Sunday, 20 November 2011

Discovery in Shangjing capital of Liao dynasty

To watch video, click HERE

Shangjing City, one of the five capitals of the Liao Empire in Chinese history is located in Chifeng city of North China's Inner-Mongolia Autonomous Region. A large-scale excavation of its relic gate which lasted four months is now over. The excavation has made clear the structure of the city gate and provides an important basis for historical research.

Built in 918 AD, Shangjing City of Liao was divided into two city areas, the Imperial City and the Han City. As the first capital built in the plains area by northern minorities, the Imperial City was the residence of Khitan nobles. Its construction strongly emphasized military defense. The highlight of this project is to unearth "Qiandemen", the west gate of the Imperial City, exploring its shape and structure in detail.

A large-scale excavation of relic in Shagjing city has made clear the structure of the city gate and provides an important basis for historical research.

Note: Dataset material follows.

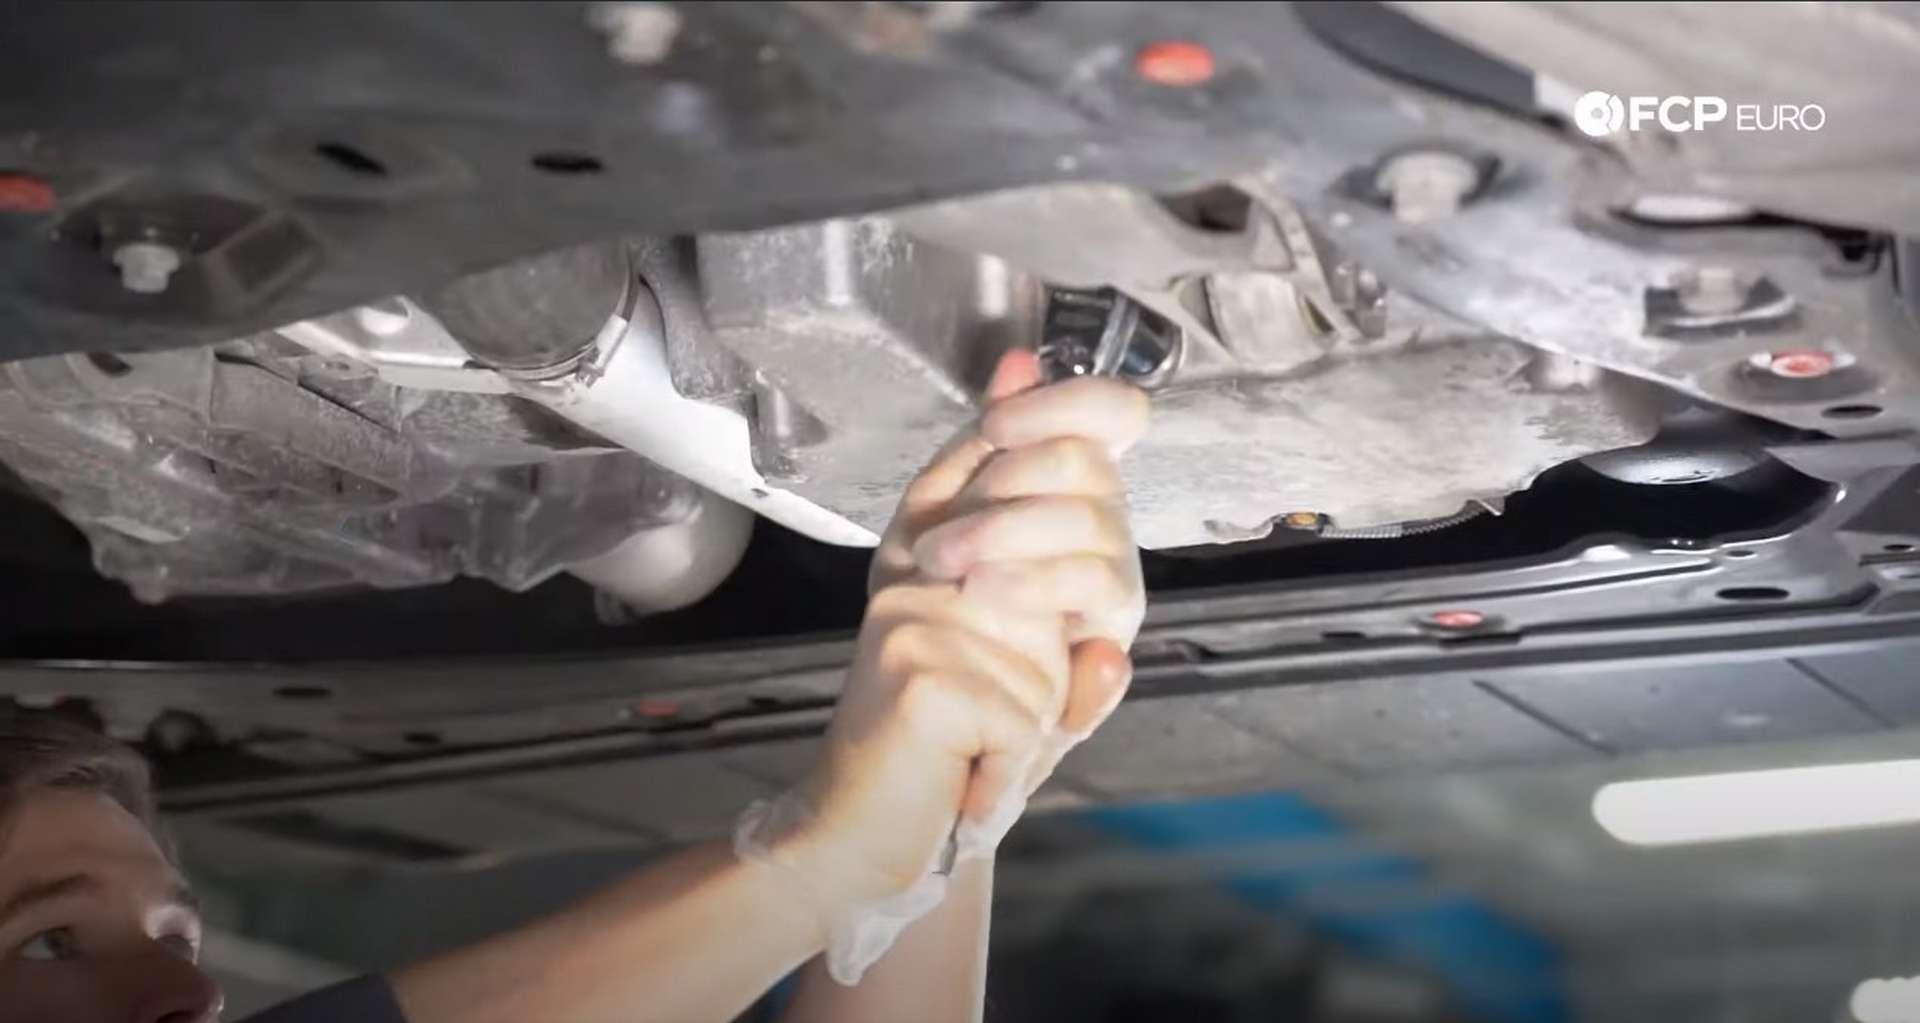 DIY Volvo SPA Oil Change removing the drain plug

The excavation work of the city gate started in July. After more than four months, a well reserved gate has been cleared out. According to archeologists, "Qiandemen" had been constructed for three times, twice during the Liao Dynasty and once in Jin Dynasty. The gate constructed in Liao period is 20 meters long and 6.2 meters wide. Stone and wooden doorsill and city gate jamb have been found in the relic site, which indicates the high building level in Liao Dynasty.

Archeologist Dong Xinlin, from Chinese Academy of Social Science, said: "There are two parts of 'Qiandemen'. One part is the gateway of the front gate which had a high tower above in the past. The other part is the Weng City that we are looking at. It is aimed at military defense. Walk out of the city and turn left, you can see its gate. We have cleared it too."

In 1961, Shangjing City site of Liao Dynasty was one of first batch of cultural relics protected at the national level set by the State Council. Since 1962 small-scale drilling, mapping and experimental excavation had been conducted several times by archeologists. Now it is the first time that an archeologist team from Beijing and Inner Mongolia undertake such a large-scale excavation.